All of the data related to issues, job performance ratings, and the 2016 Vermont gubernatorial were weighted to reflect the views of the general population. During data collection, the Polling Institute works the sample to achieve the highest response rates possible given time and budget constraints, and in the end, the general population weights are relatively small and do not distort the original data a great deal.

The data reflecting preferences in the upcoming Vermont presidential primary are weighted to reflect the population of likely voters in each of the party’s primary. Weighting the general population is far easier than weighting to likely voters because we have hard data from the Census Bureau describing the general population. The general population actually exists at the time of the poll; this is not the case when considering likely voters. The voting population does not yet exist; there are no pre-existing measure of who what citizens (or poll respondents) will actually cast a ballot on March 1 (or before by absentee ballot).

Weighting to the voting population is weighting to a population that is still speculative. That is why we refer to likely voters as opposed to actual voters. But if we want to estimate what voters may do on election day, we have to recognize that the entire adult population does not vote, and in a primary, the proportion of voters will be lower than that found in a general election.

So, we develop a separate weight to help us understand what voters may do on March 1 as they cast their votes in the presidential primaries. The formula we used to estimate the voting population for the upcoming primary started with eliminating the views of those poll respondents we think are unlikely to vote at all; consequently, we built a model (using a second data set) that excluded all of those respondents who

  1. Are not registered to vote;
  2. Do not follow news about the presidential race either “very closely” or “somewhat closely”; and,
  3. Say that they are either “not too likely” or “not at all likely” to vote in the Vermont Presidential Primary.

Using that criteria, we eliminated 258 actual respondents (unweighted), bringing us to an unweighted base of 637 records or 71 percent of the original data set. We then worked with those remaining records to devise a variable that would give greater weight to those respondents among those remaining who are most likely to vote in the presidential primaries, since we know that turnout will not be as high as 71 percent. In fact, we estimate that turnout will be from 40 – 45 percent of registered voters.
In order to differentiate among the remaining respondents who are most likely to vote, we gave points to respondents meeting the following conditions:

  1. Follow news about the election “very closely”
  2. Say that they are “very likely to vote”
  3. Identify with one of the major political parties
  4. Have a college degree or more education
  5. Responded to poll after the New Hampshire Primary (Feb. 9th)

These criteria were used to generate weights for each individual case that were then applied to the general population weights to devise a new weight variable defining our “likely voter model.” The first two criteria take what respondents tell us about their interest in the election and how likely they are to participate, while criteria 3 and 4 apply data from the demographics that are associated with voting participation.

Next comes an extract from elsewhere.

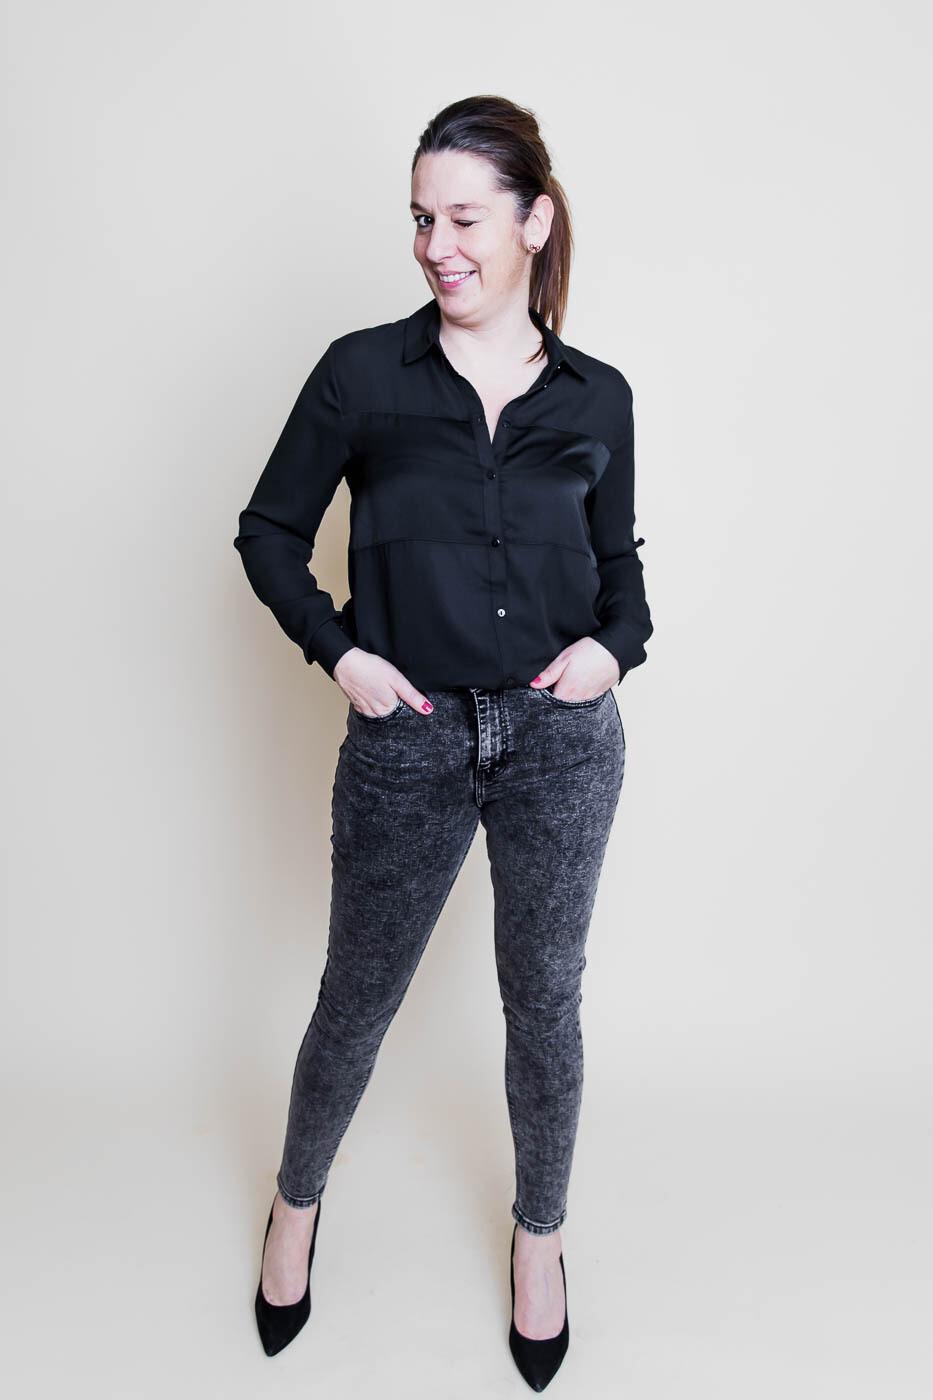 Skinny jeans - TYGA - donkergrijs snowed 32''
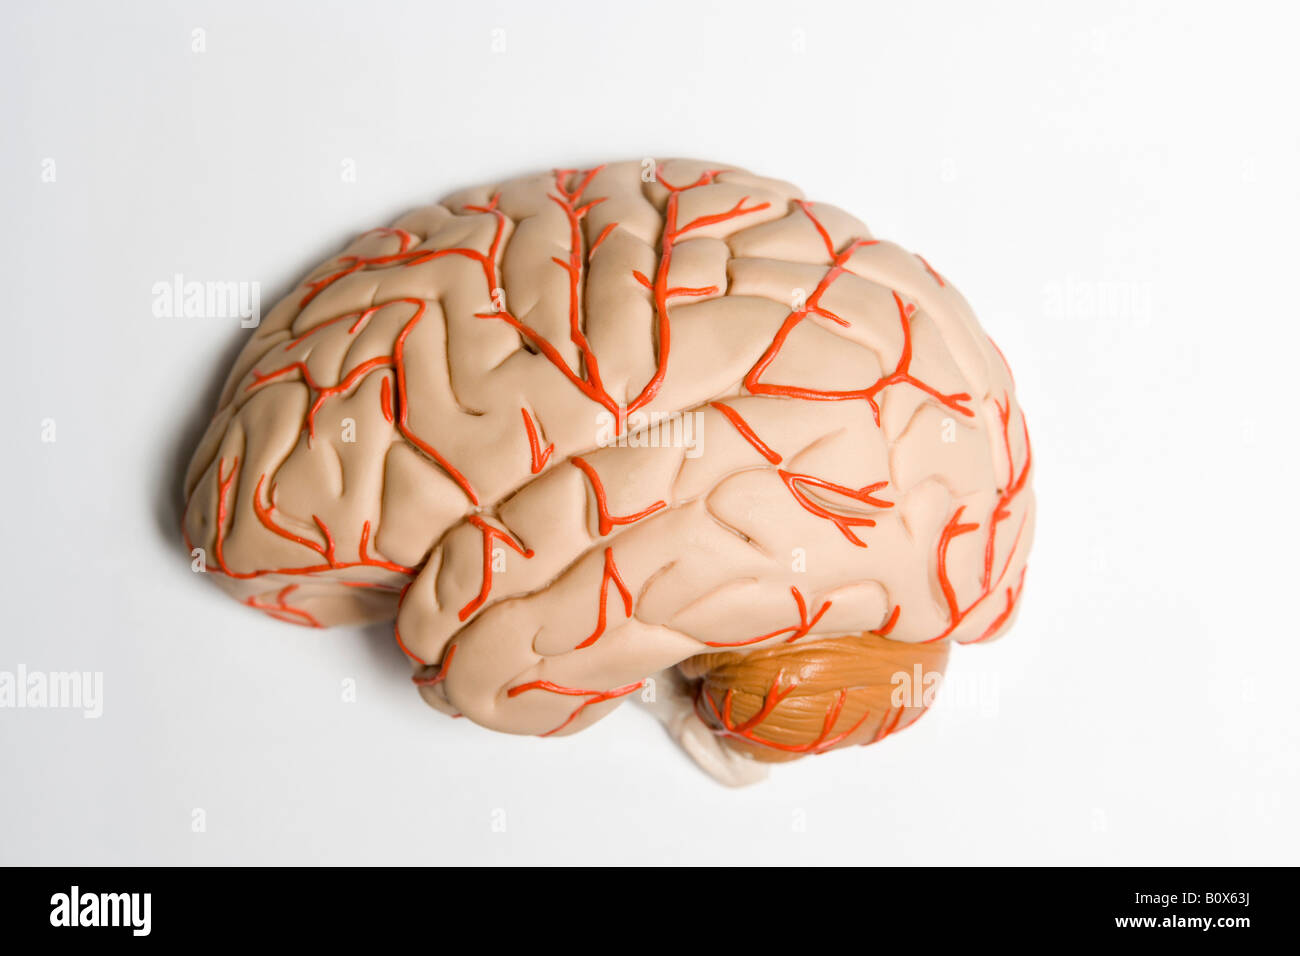 Human Brain Model Side View Stock Photos & Human Brain Model Side ...

The last criterion takes into account that candidate preference shifted measurably after the New Hampshire primary showed that Trump and Sanders can win and that Kasich may be more of a contender than earlier thought.

Applying the likely voter model to the reduced data set left us with a dataset that represents 58 percent of the originally weighted sample—a figure higher than our voter turnout estimation but weighted to give those within the remaining sample who meet likely voter criteria a greater weighted response.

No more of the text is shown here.